Although cash dividends are the most common, dividends can also be issued as shares of stock or other property.

Are dividends compulsory?

Now, is this compulsory? Of course not. Stocks don’t owe us anything. We’re not lending our money to the company when we buy its stock. So, unlike a bond, or giving a loan to someone, a company does not always have to give out dividends. Some of the biggest companies in the world, such as Amazon, Tesla or Google, haven’t paid a single dividend till date. They say that they plan to use this money as a reinvestment in the business to grow their company.

Are dividends always good for investors?

Now, is a dividend always good? That depends on your approach as an investor. If you’re an investor interested in fast growth and not fixed income, you might prefer a stock that doesn’t pay attractive dividends but grows the company faster.

From the company perspective, if a company grows fast enough, and has a good expansion potential, it can choose to give a smaller dividend or nothing at all. But sometimes, companies are cash-rich and have met their expansion needs. In such cases, giving a dividend is affordable and sustainable.

But what if a company announces a huge dividend?

Do you know that at times, companies pay really big dividends when they shut down. Majesco is an example of that. Since the owners were selling off the U.S. Division of the company, they declared a dividend of Rs. 974, when the share’s price was only Rs. 900–950. And if you know anything about dividends, you would know that the average dividend yield in India is just 1.57%. This means that the percentage taken when a dividend on a stock is divided by its price, comes down to 1.57%, which isn’t a lot.

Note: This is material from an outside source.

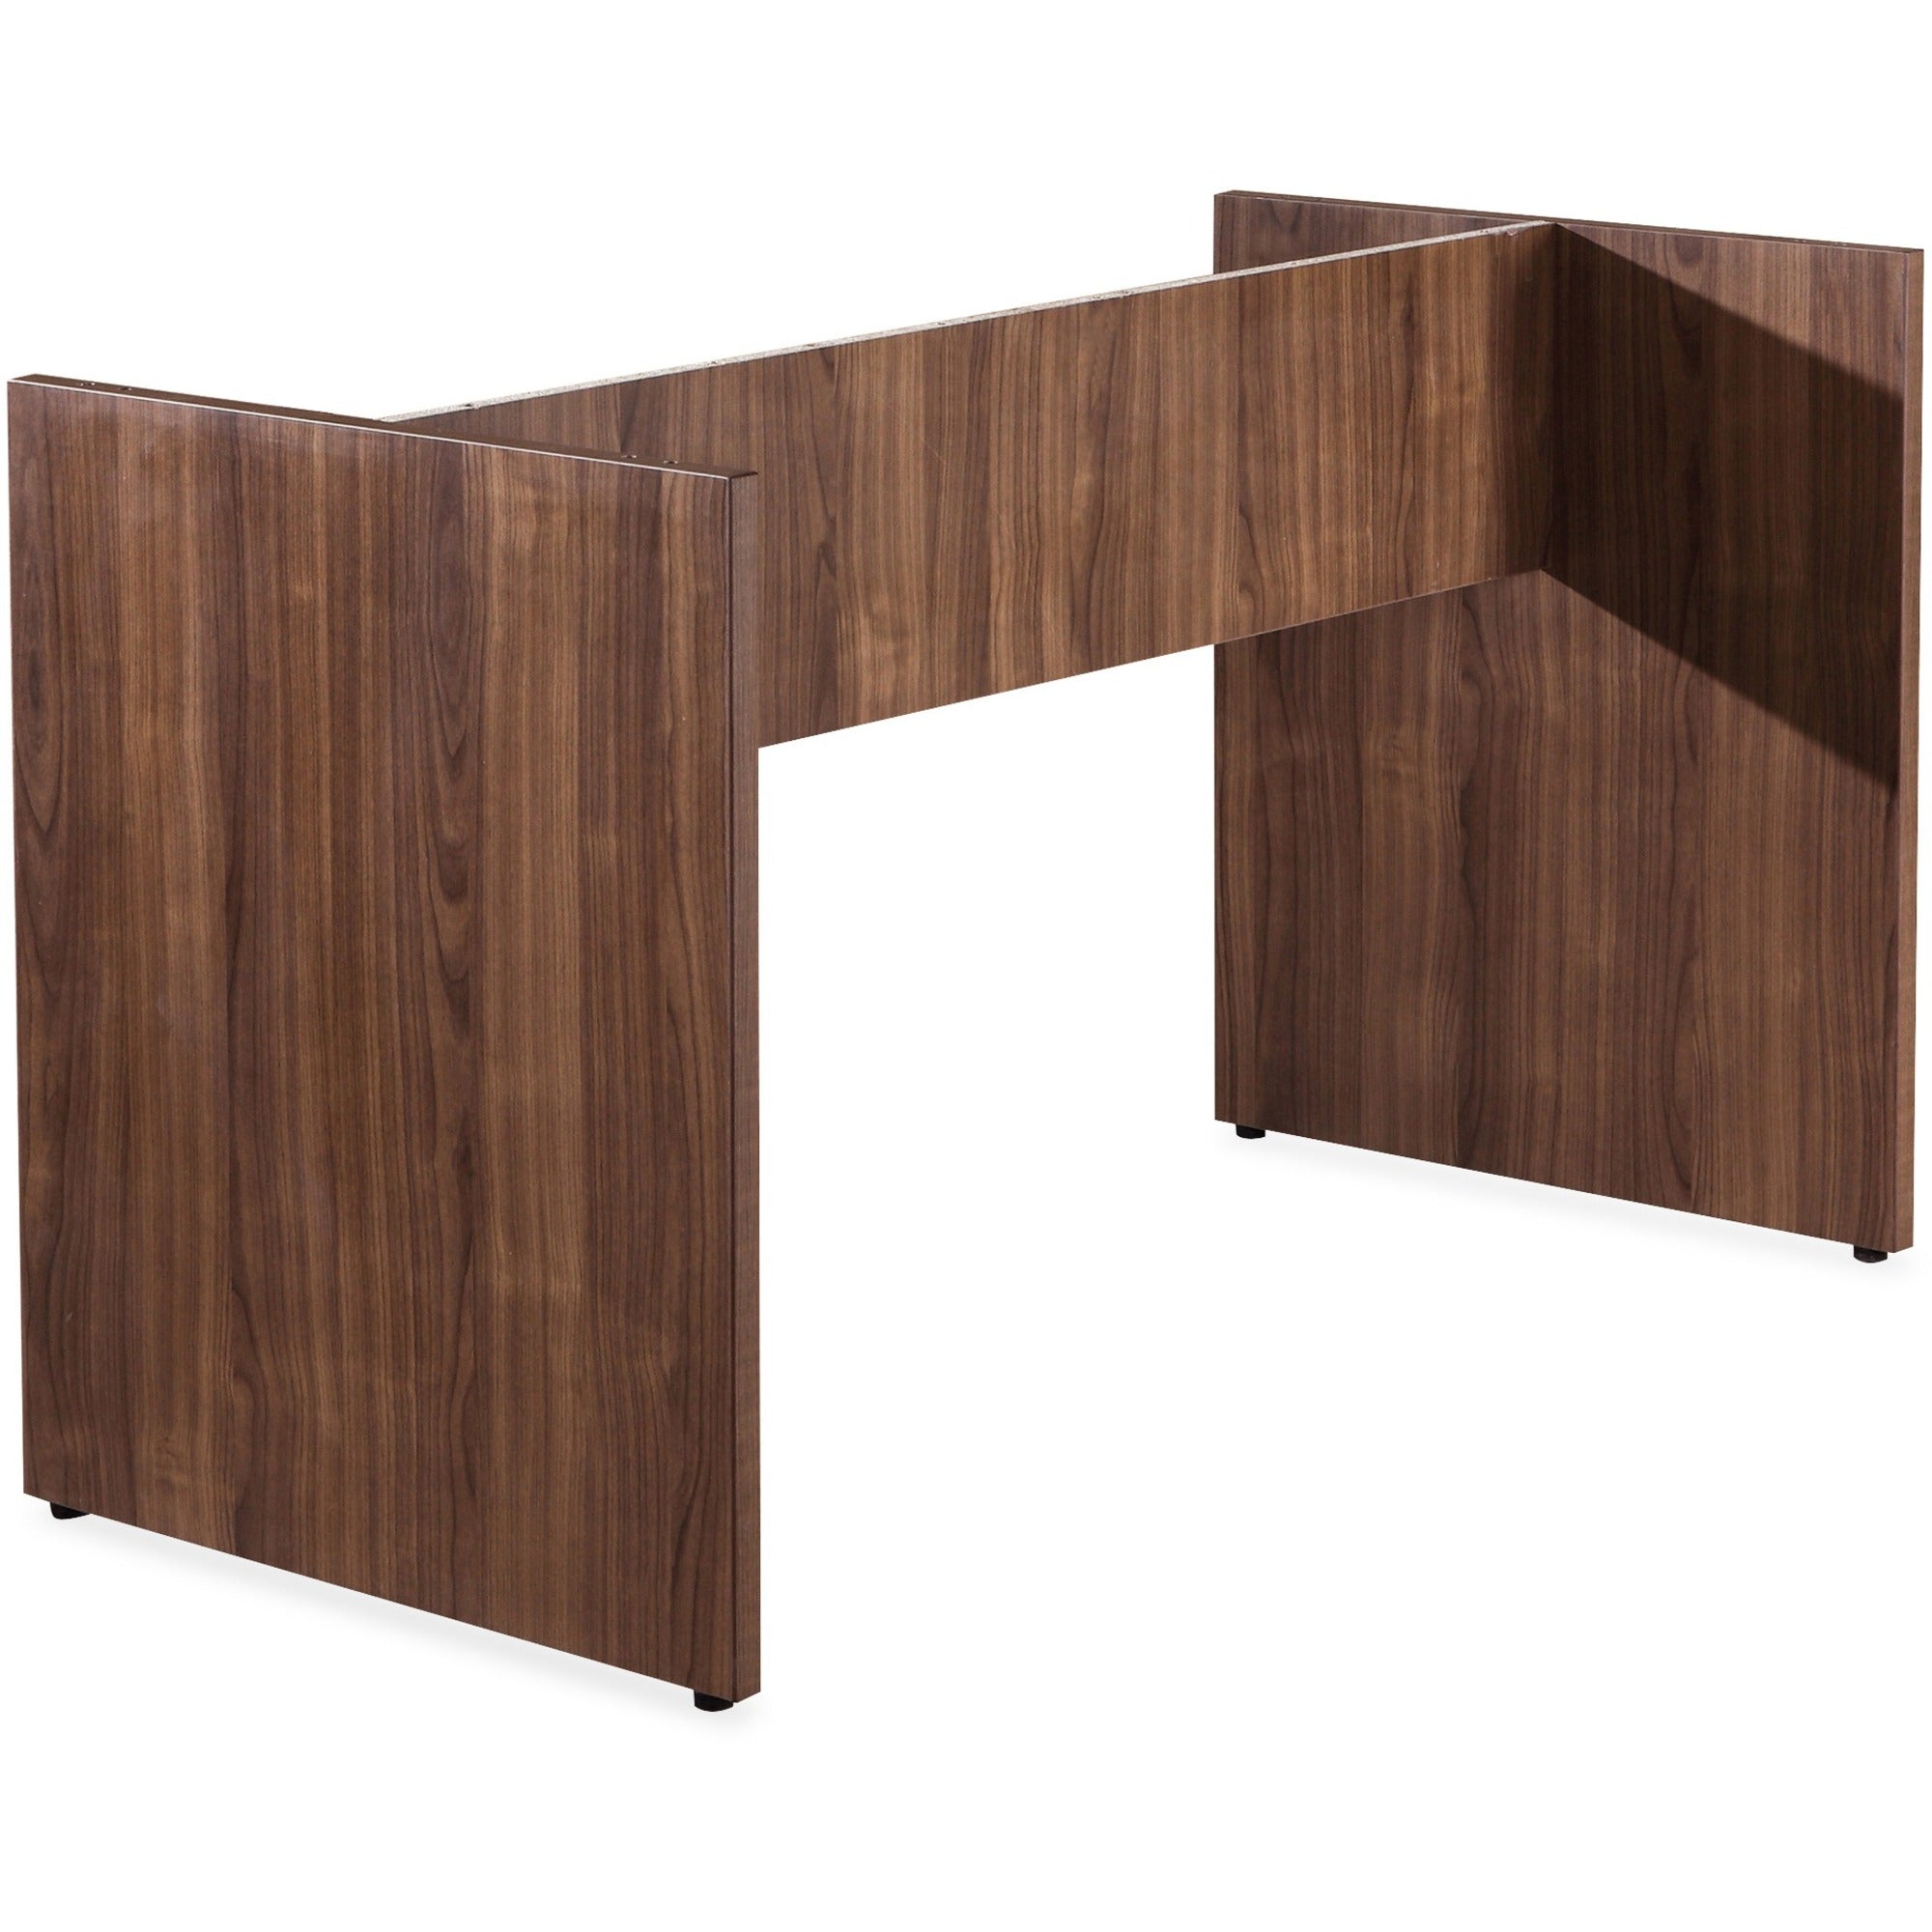 Lorell Essentials 8' Conference Table Base - Two Leg Base - 2 Legs x 49.63" Table Top Width x 23.63" Table Top Depth - 28.50" Height - Laminated, Walnut - P2 Particleboard - 1 Each -

Impact of Dividends on Share Price

Since dividends are irreversible, their payments typically lead to money going out of the company’s books and accounts of the business forever. Therefore, dividend payments impact share price, which will decline by the dividend amount at the opening session of the ex-dividend date.

For example, a company that is trading at 600 per share declares a 20 dividend on the announcement date. Say the stock trades at 605 one business day prior to the ex-dividend date. On the ex-dividend date, it’s adjusted by 20 rupees and begins trading at 585, at the start of the trading session on the ex-dividend date as dividend amount is going out of company and hence reduces company’s value.

Important Dividend Dates

Dividend payments follow a chronological order of events and the associated dates are important to determine the shareholders who qualify for receiving the dividend payment.

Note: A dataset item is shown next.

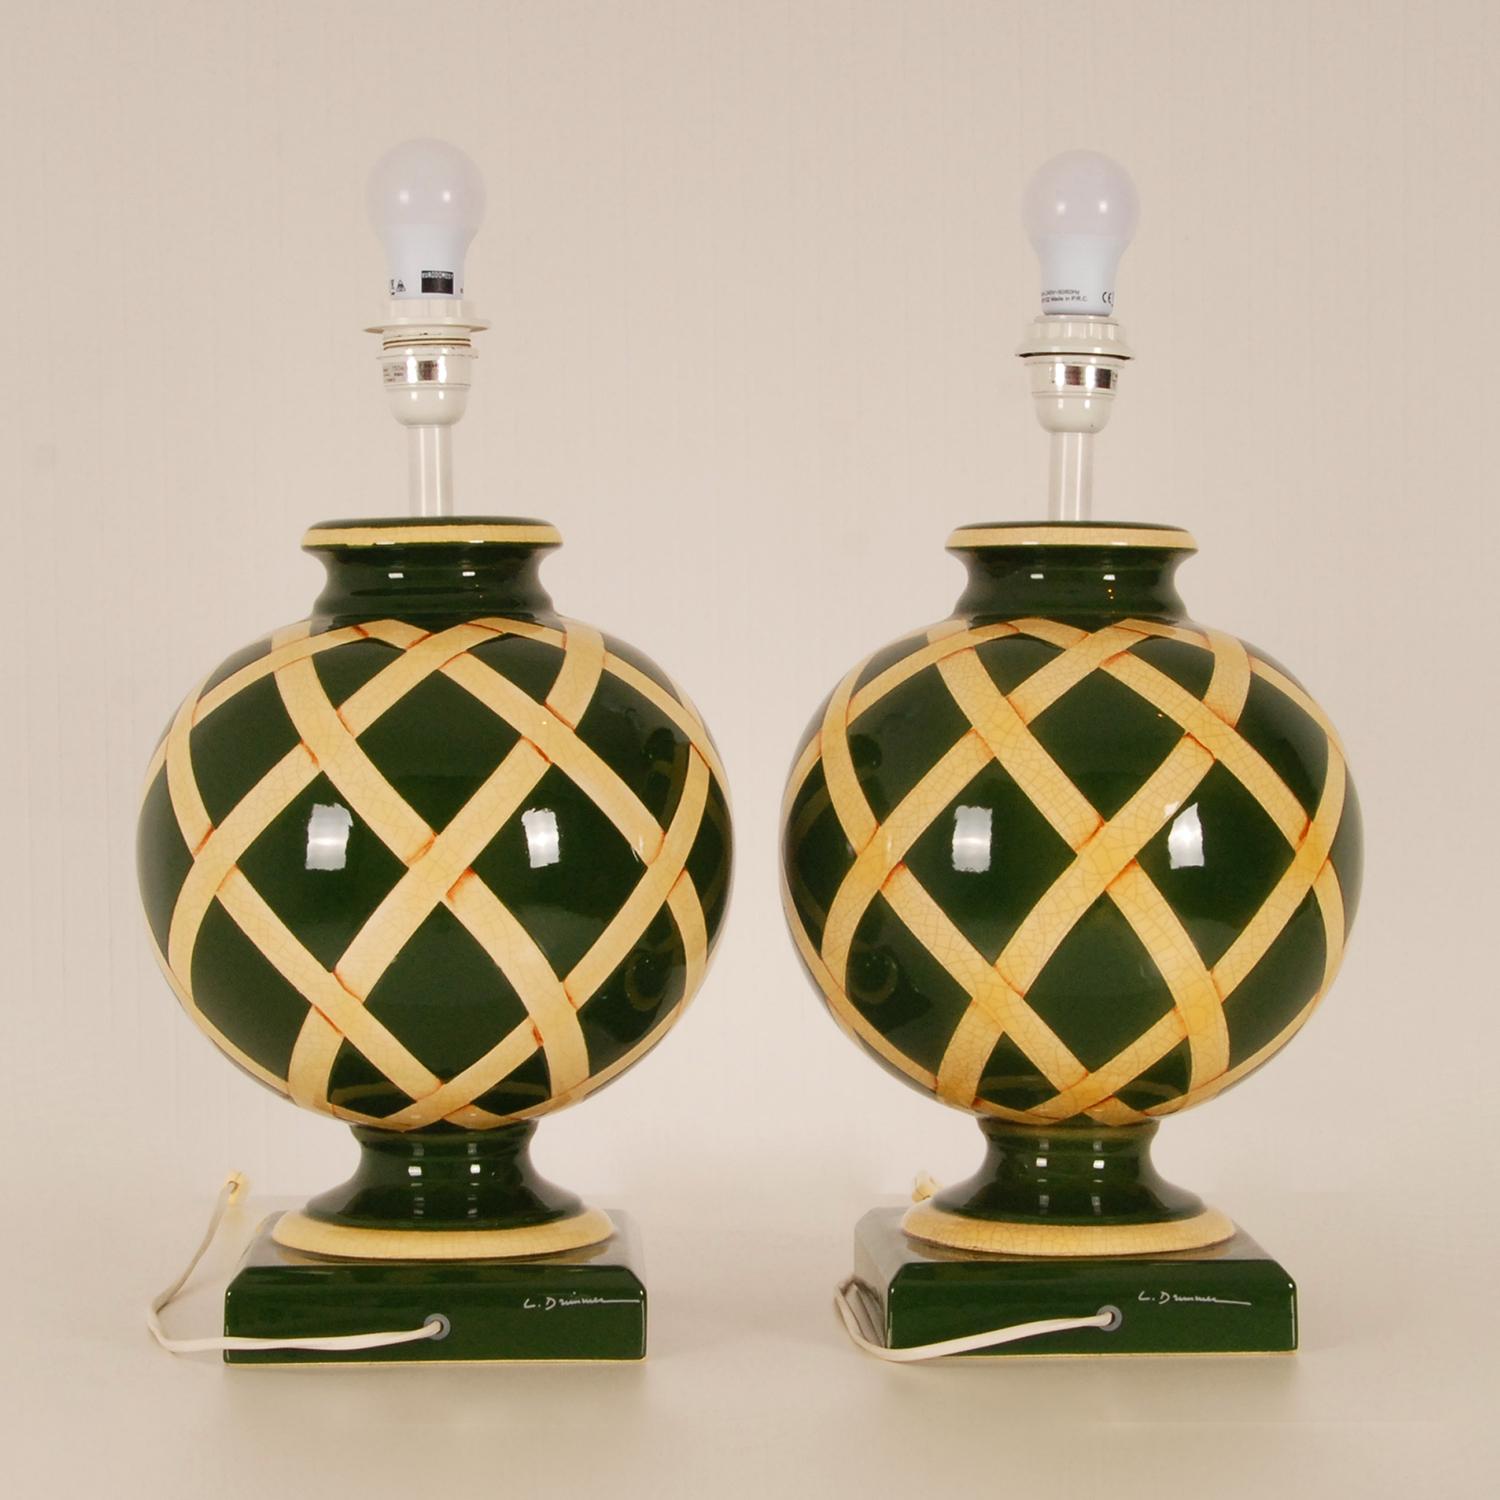 Vintage French Ceramic Vase Table Lamps Green Beige Argyle Pattern, a Pair For Sale 2

  • Announcement date: Dividends are announced by company management on the announcement date, or declaration date, and must be approved by the shareholders before they can be paid.
  • Ex-dividend date: The date on which the dividend eligibility expires is called the ex-dividend date or simply the ex-date. For instance, if a stock has an ex-date of Monday, May 5, then shareholders who buy the stock on or after that day will NOT qualify to get the dividend as they are buying it on or after the dividend expiry date. Shareholders who own the stock one business day prior to the ex-date — that is on Friday, May 2, or earlier — will receive the dividend.
  • Record date: The record date is the cutoff date, established by the company in order to determine which shareholders are eligible to receive a dividend or distribution.
  • Payment date: The company issues the payment of the dividend on the payment date, which is when the money gets credited to investors’ accounts.

Note: Dividends paid by mutual funds are different from dividends paid by companies. Company dividends are usually paid from profits that are generated from the company’s business operations. But when it comes to MF, it isn’t the case.